Specialized CUDA Kernels:
- BF16ToFP4Row: Performs row-wise quantization and packing into uint8 containers.
- FP4RowToFP8Row: De-quantizes packed FP4 activations back to FP8 for standard GEMM.
- FP4RowToFP8Col (Fused): A critical kernel for weight gradient ( $W_{grad}$ ) computation. It fuses de-quantization, matrix transposition, and re-quantization into a single step, eliminating intermediate global memory writes and reducing bandwidth consumption by ~3x compared to naive baselines.
Layout-Aware Optimization:
- The framework handles "ragged" MoE tensors (variable token counts per expert) natively.
- It generalizes scale handling to support byte-addressable integer scales (UE8M0) rather than assuming FP32 scales, optimizing buffer allocation for RDMA and NVL transfers.

3. Key Contributions

First Production-Scale FP4 on Hopper: Demonstrated the first successful deployment of software-emulated MXFP4 for MoE training on Hopper GPUs without native 4-bit support.
Novel Conversion Algorithm: Introduced a loss-neutral, direct FP4-to-FP8 conversion algorithm that eliminates BF16 intermediates and aligns hierarchical scaling factors.
Optimized Kernel Suite: Developed fused CUDA kernels that handle layout transformations (transposition) and quantization simultaneously, significantly reducing memory traffic.
Communication Strategy: Reduced expert-parallel communication payload by ~50% by packing two FP4 values into a single byte and using 8-bit integer scales.

4. Experimental Results

Experiments were conducted on a 671B parameter MoE model (DeepSeek-V3 configuration) using a 32-node cluster (256 Hopper GPUs).

Memory Efficiency:
- Reduced peak activation memory by 14.8% (saving 11.8 GB) compared to strong FP8 baselines.
- This memory headroom allowed the system to relax the recomputation strategy (checkpointing only the MLA Up-Projection), which caused Out-of-Memory (OOM) errors in BF16 and FP8 baselines.
Training Throughput:
- Achieved 1,302 tokens per GPU per second (TGS), a 12.5% improvement over the best feasible FP8 baseline (1,157 TGS).
- Compared to BF16, the speedup was 16.0%.
Convergence:
- The method achieved convergence strictly comparable to BF16 and FP8 baselines.
- Loss deviation was minimal (+0.61% relative to BF16), proving numerical stability despite aggressive quantization.
Kernel Performance:
- Fused kernels achieved 1.6x–1.9x speedup over naive sequences of separate operations.
- For MoE expert layers (the compute-heavy path), the custom implementation was 1.43x–1.53x faster than the standard Transformer Engine FP8 baseline, effectively amortizing the overhead seen in standard linear layers.

5. Significance

This work bridges the gap between the theoretical efficiency of FP4 and the reality of current hardware deployments.

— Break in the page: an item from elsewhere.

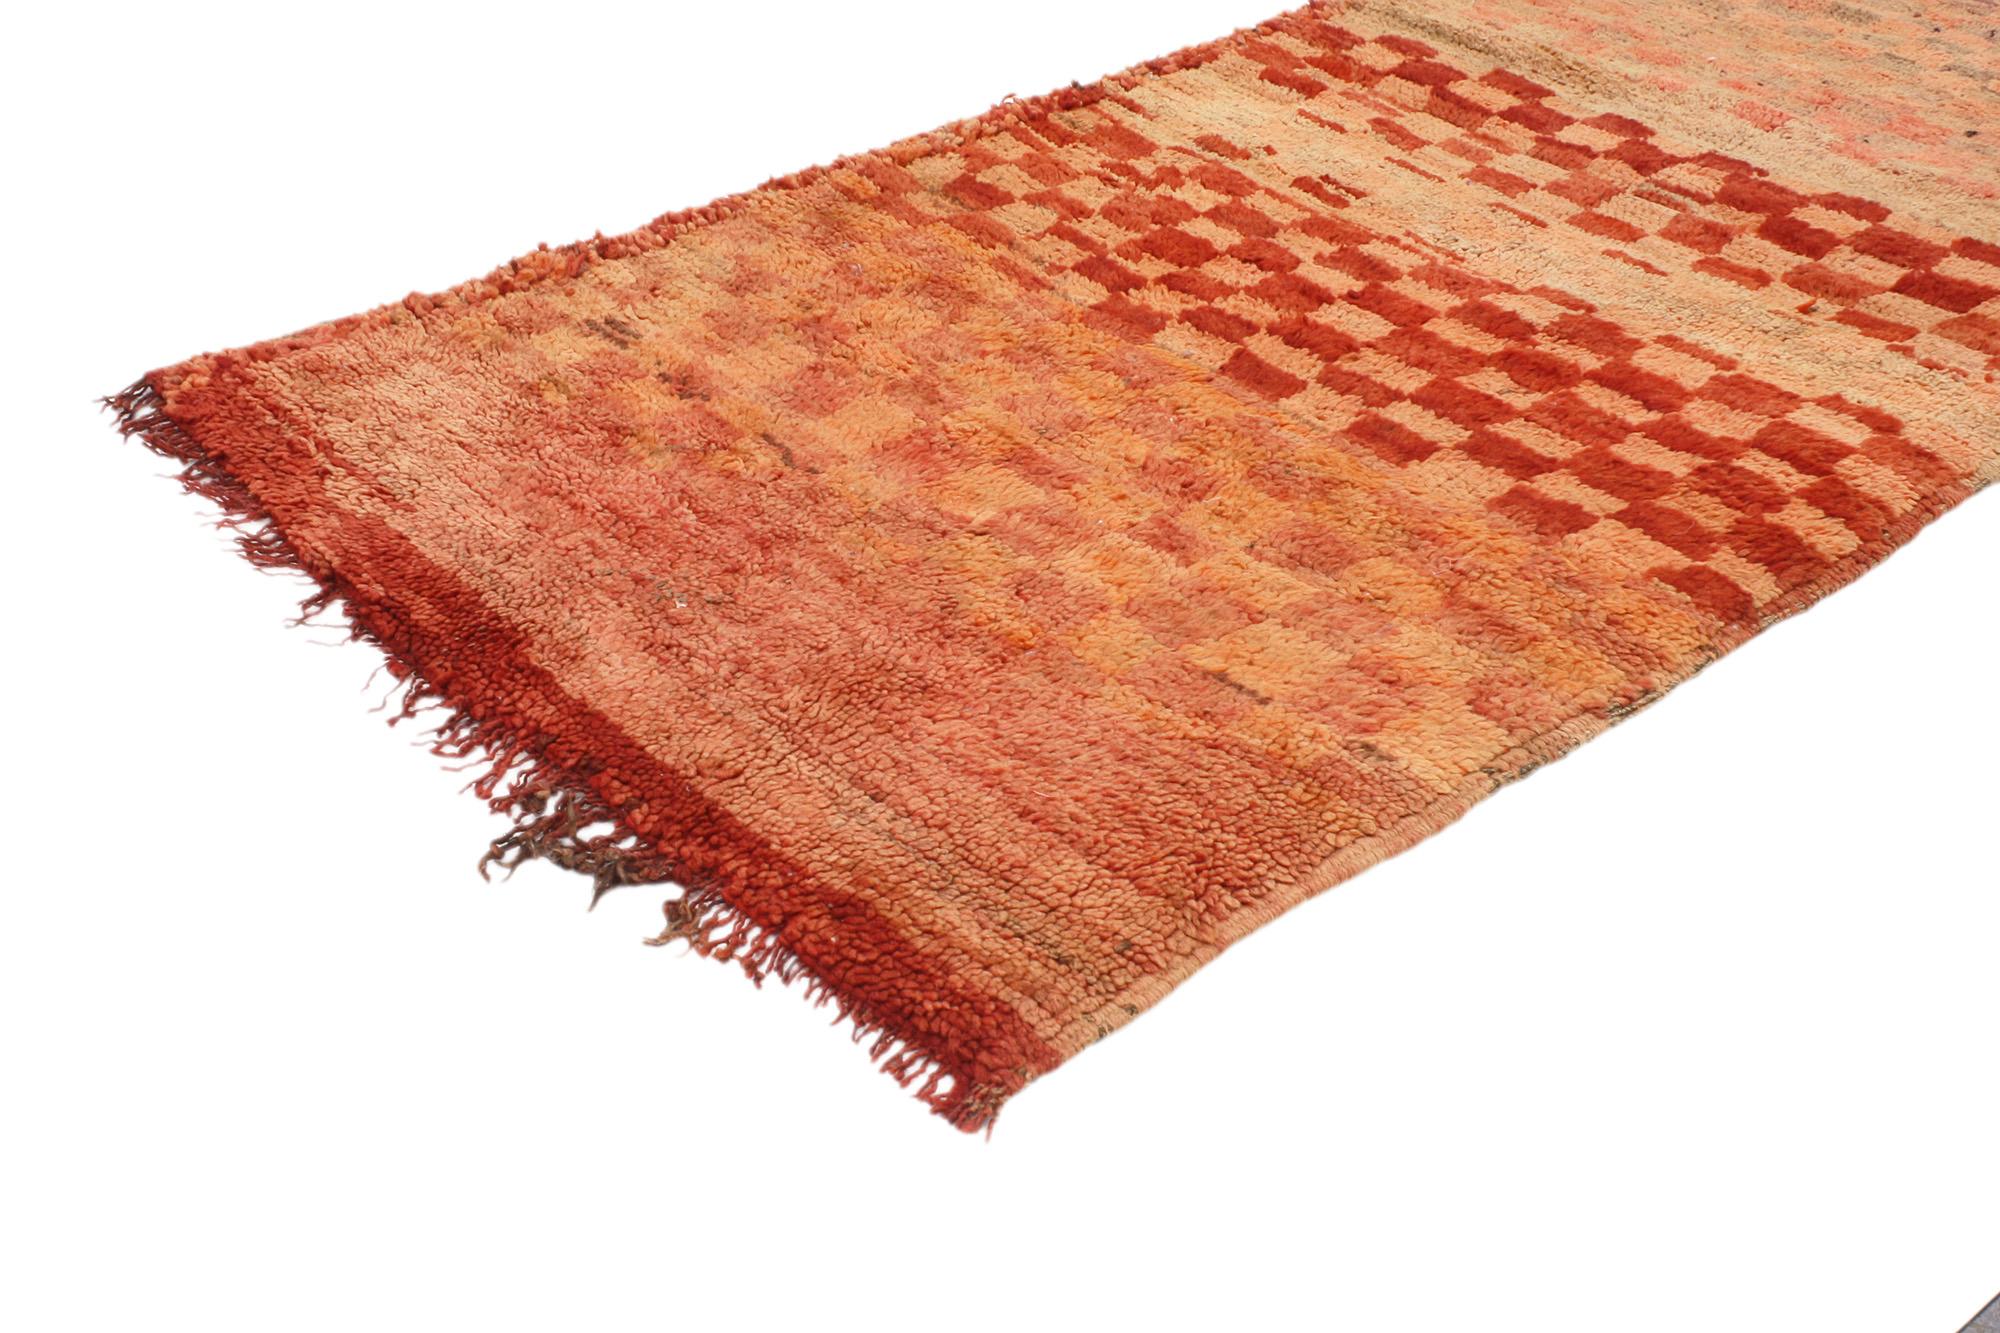 20453 Vintage Karierter Boujad Marokkanischer Teppich, 02'06 x 06'03. Die aus der marokkanischen Region Boujad stammenden Boujad-Teppiche sind weit mehr als nur einfache Bodenbeläge; sie sind exquisite handgewebte Meisterwerke, die das lebendige

Immediate Impact: It allows organizations using existing Hopper GPU clusters to train larger models or use larger batch sizes without waiting for Blackwell hardware.
System Design Insight: It demonstrates that software-hardware co-design (specifically, asymmetric precision flows and fused kernels) can overcome hardware limitations.
Scalability: The method validates that FP4 is viable for trillion-parameter scale models, offering a clear path to further reduce the memory and bandwidth bottlenecks that currently limit the scaling of MoE architectures.